EXERCISE DIRECTIONS:
Please, without any pictures, set down exactly the part of the listing below that opens with the line containing "DianaAnanta - Outdoor Masturbation scene 1" and closes with the line containing "Glastonbury Land and Legend".

PROVIDED MATERIAL:

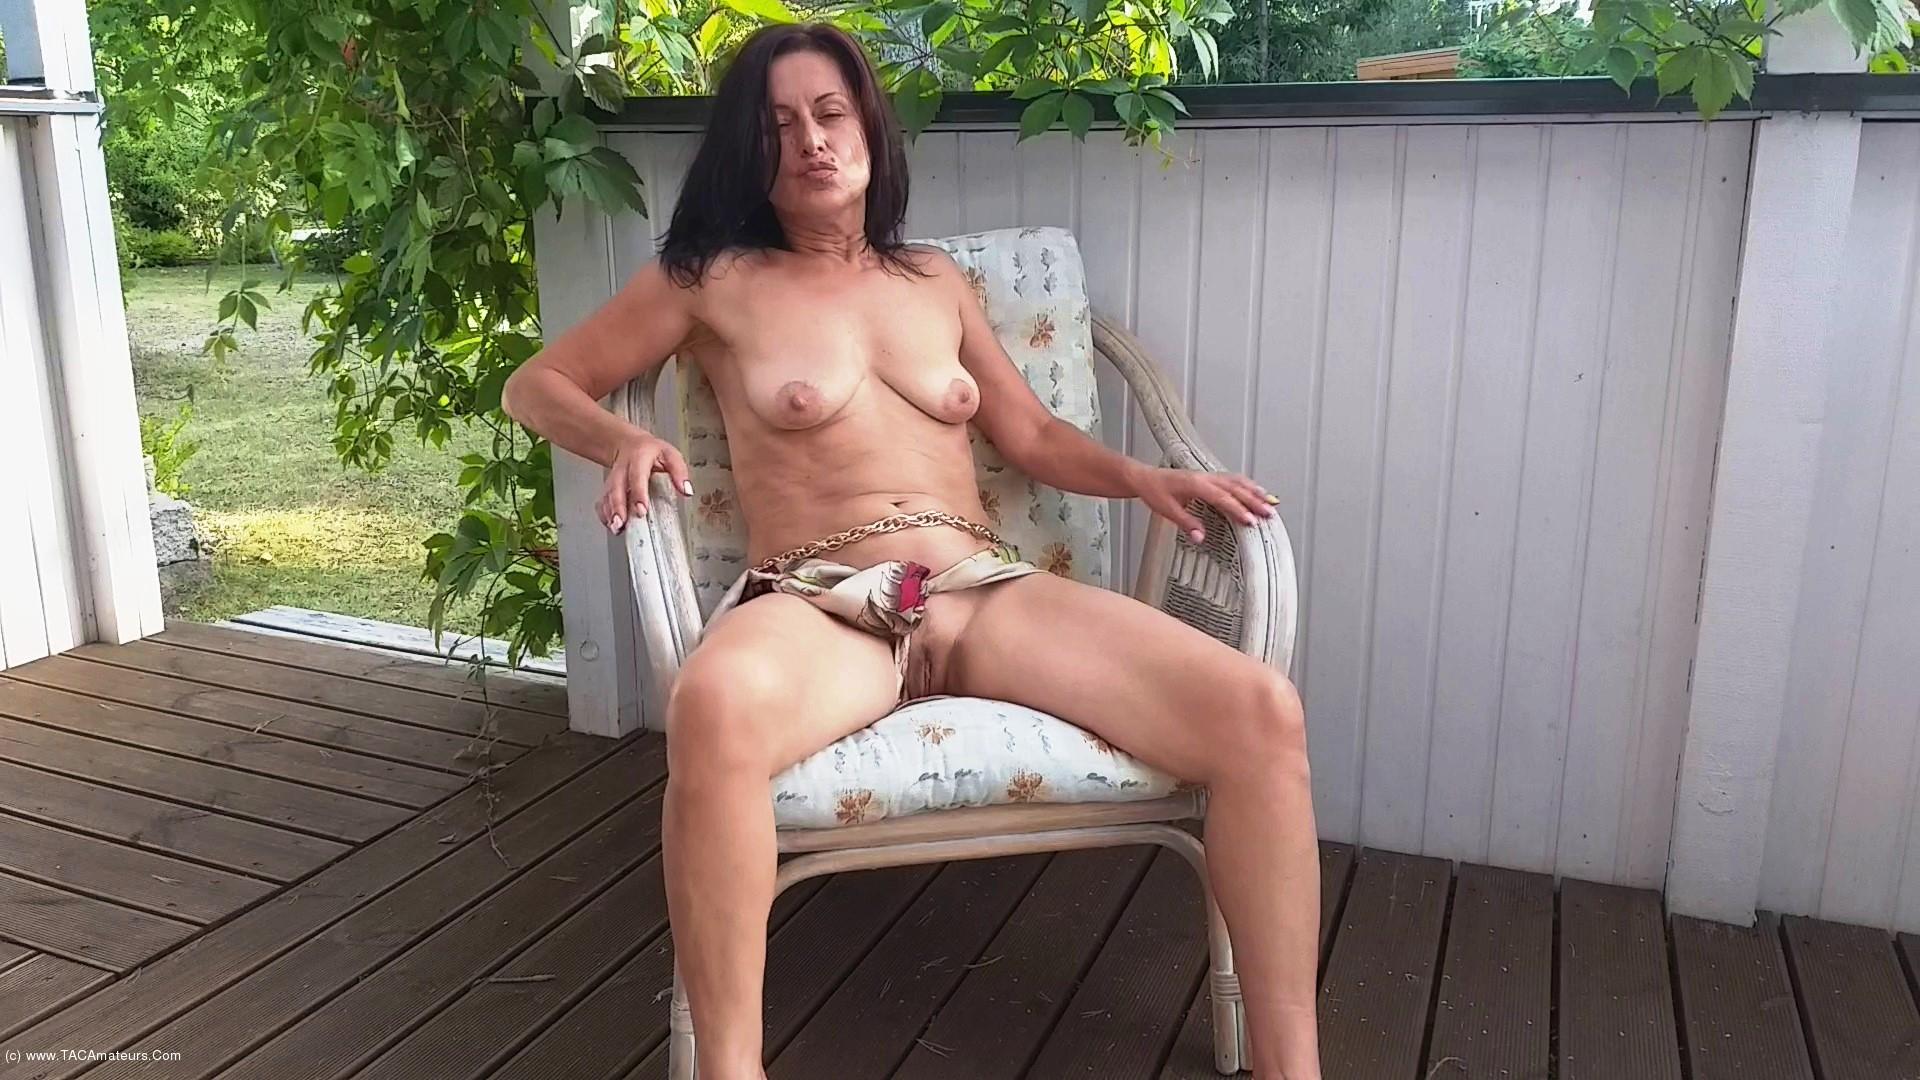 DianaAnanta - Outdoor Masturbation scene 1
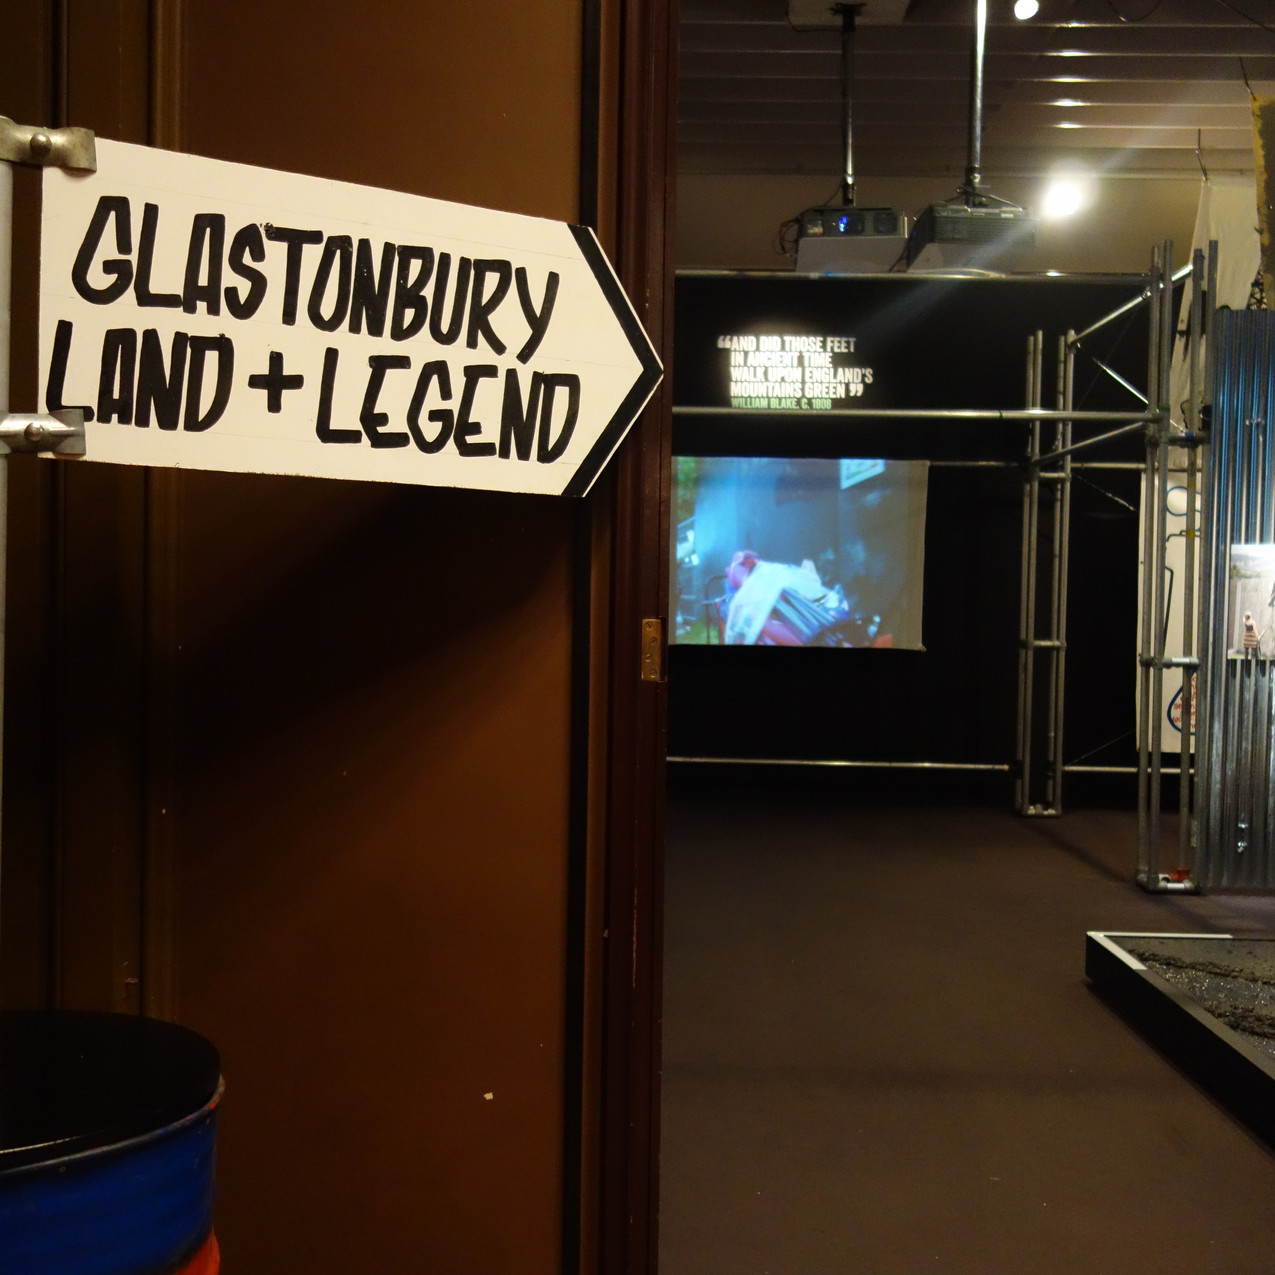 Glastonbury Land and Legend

==

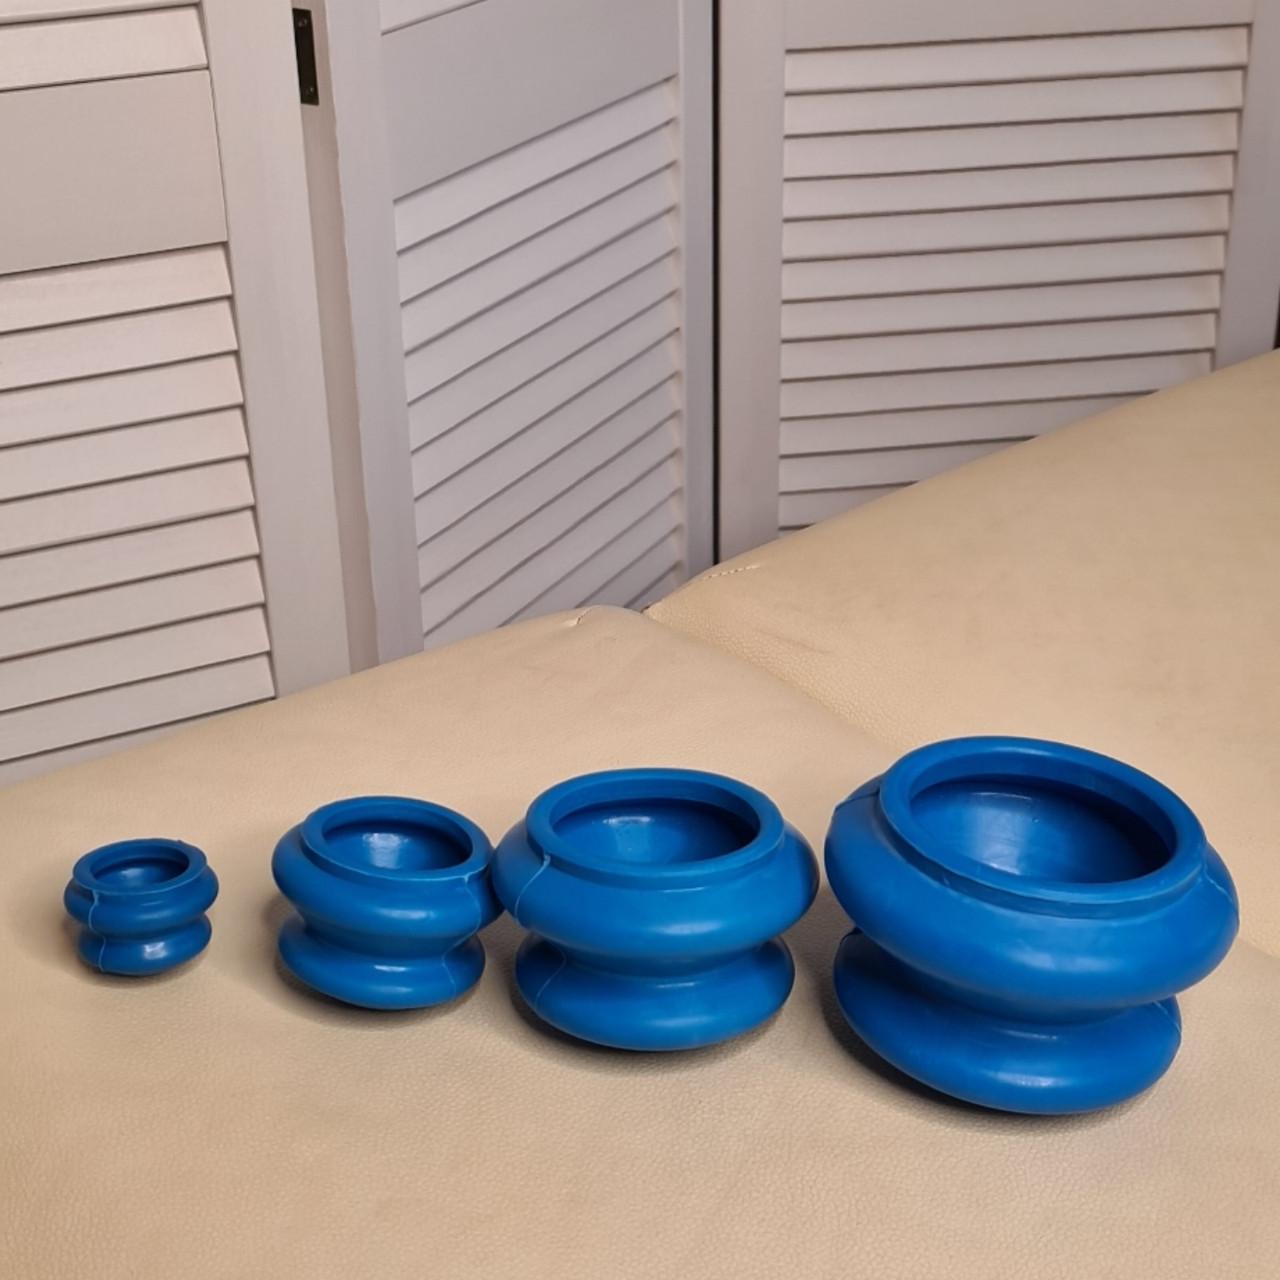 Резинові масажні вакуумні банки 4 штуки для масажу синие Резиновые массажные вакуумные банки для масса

RESPONSE BOX:
 DianaAnanta - Outdoor Masturbation scene 1
 Glastonbury Land and Legend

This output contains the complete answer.